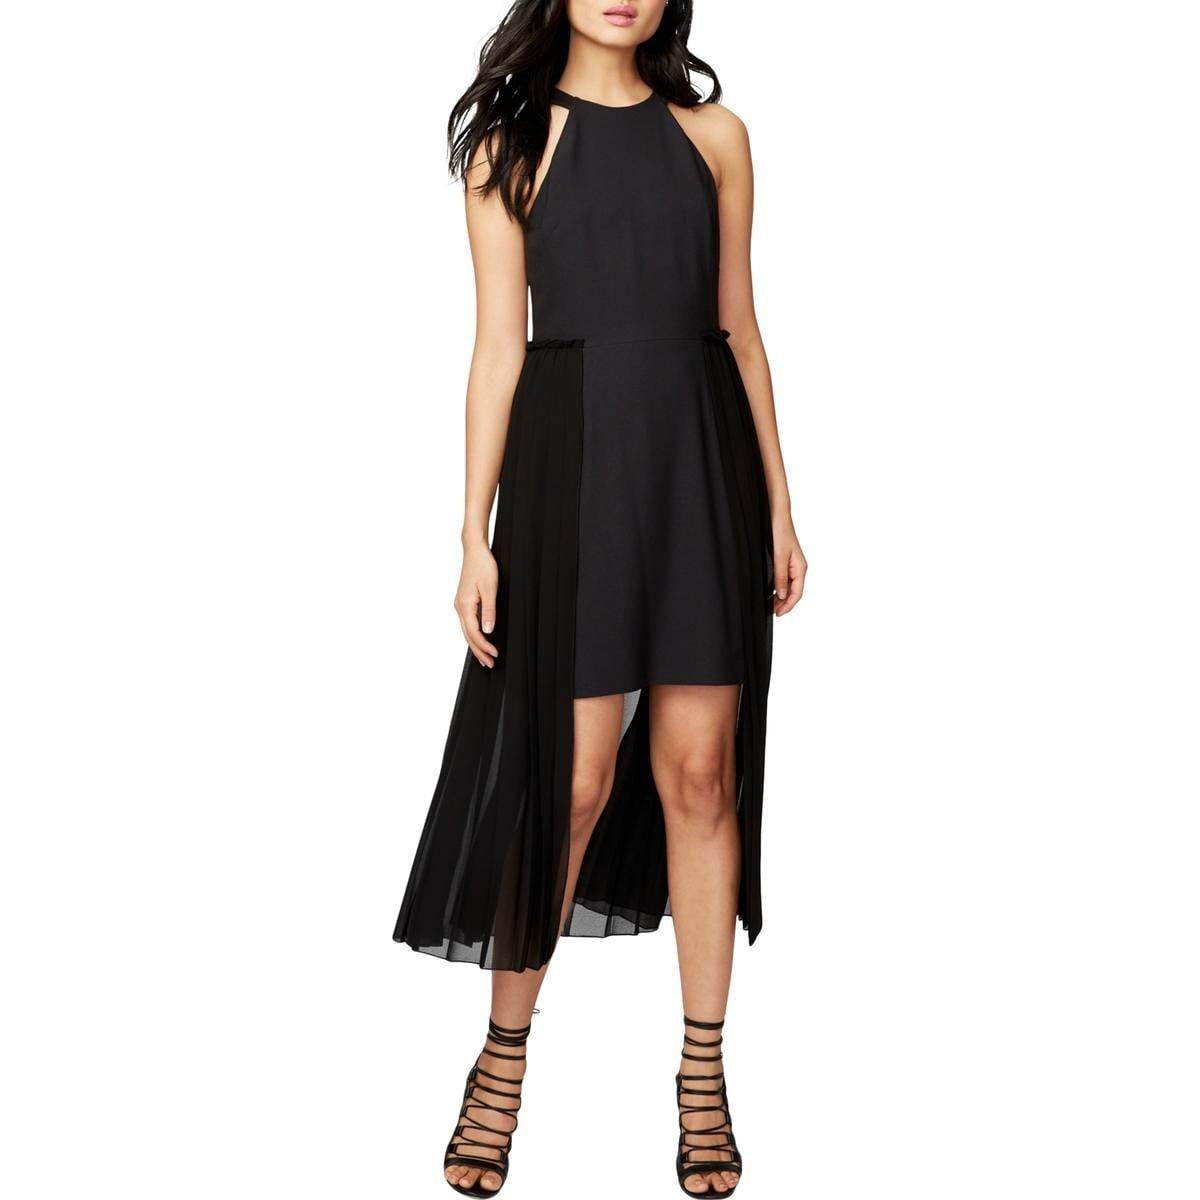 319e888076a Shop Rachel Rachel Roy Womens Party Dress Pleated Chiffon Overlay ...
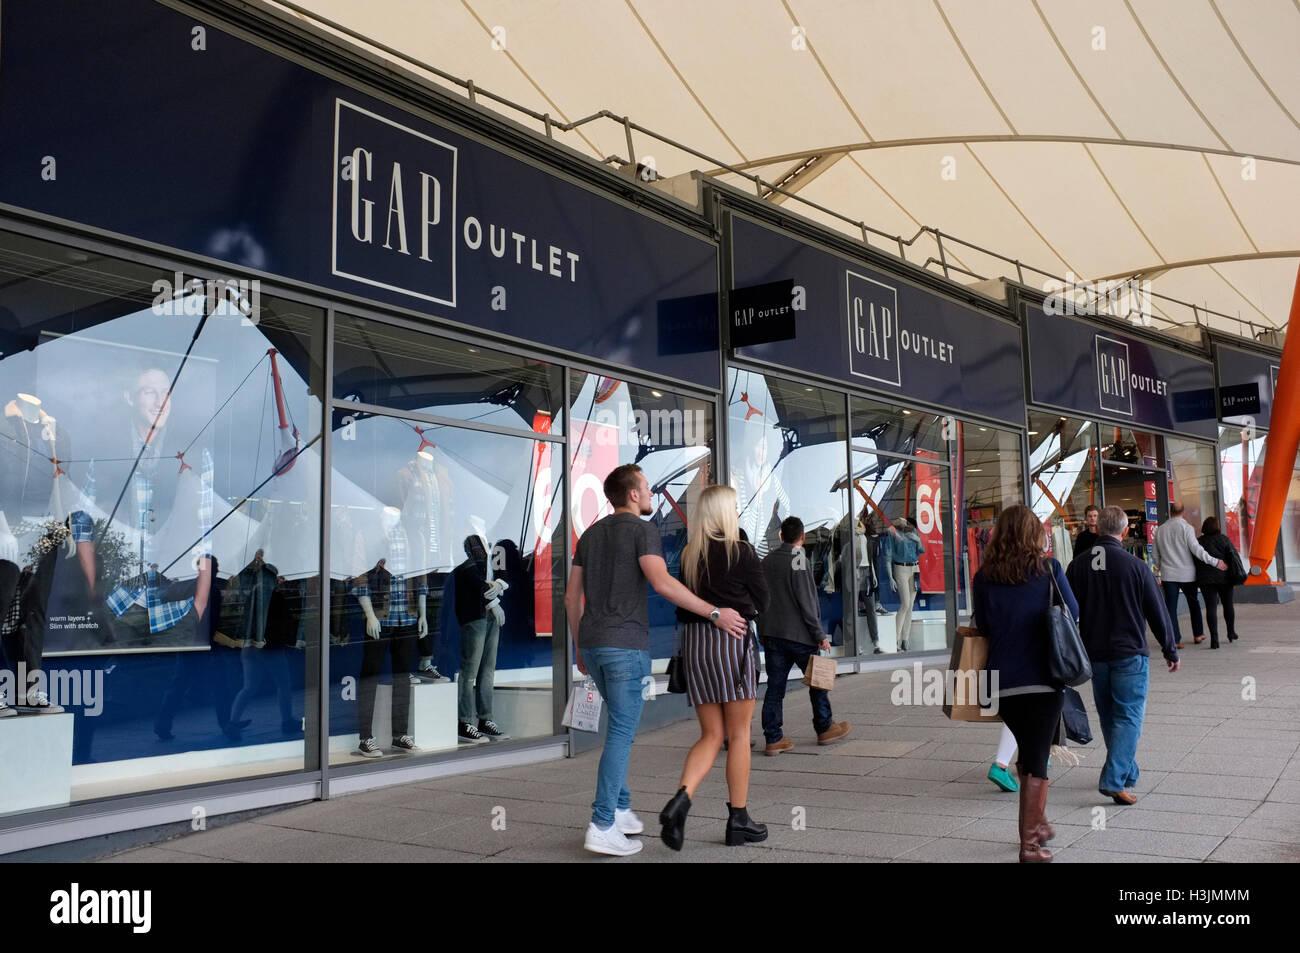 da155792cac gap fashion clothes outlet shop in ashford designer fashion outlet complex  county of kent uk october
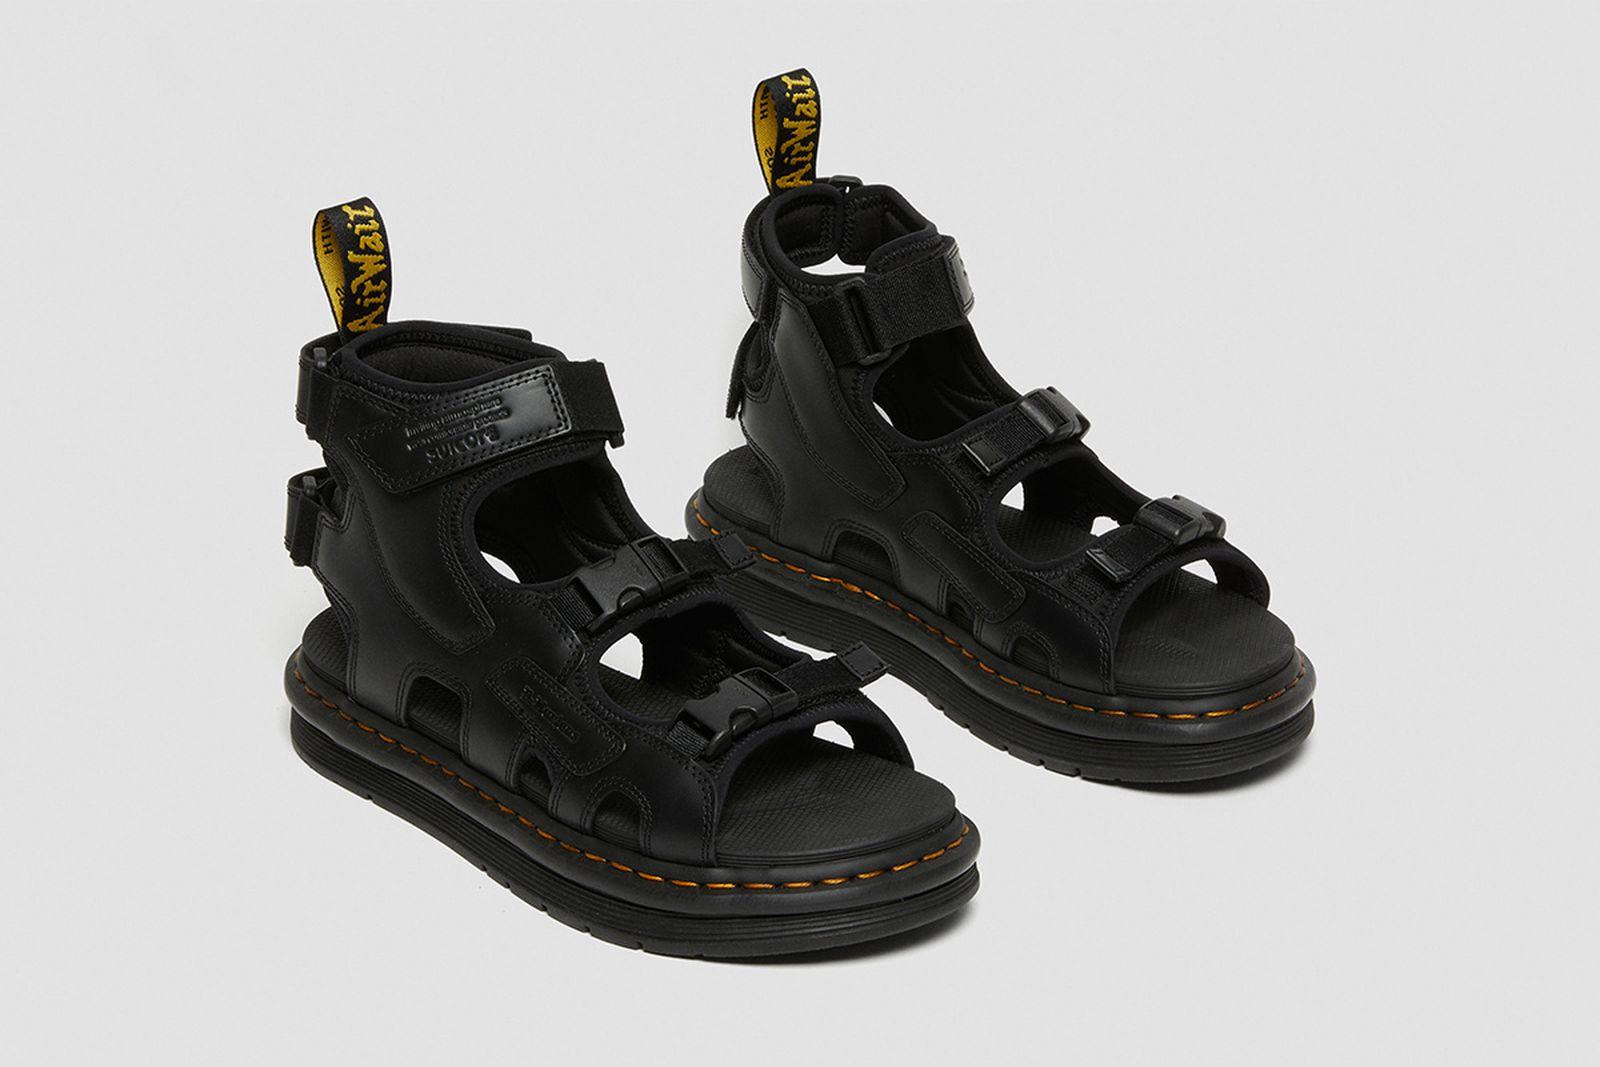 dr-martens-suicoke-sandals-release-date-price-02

§ Instructions for the task
Print, exactly as written, the lines from the one containing "da155792cac gap fashion" to the end of the material, both ends included, and nothing else; no pictures.

§ The completed task
 da155792cac gap fashion clothes outlet shop in ashford designer fashion outlet complex  county of kent uk october
 dr-martens-suicoke-sandals-release-date-price-02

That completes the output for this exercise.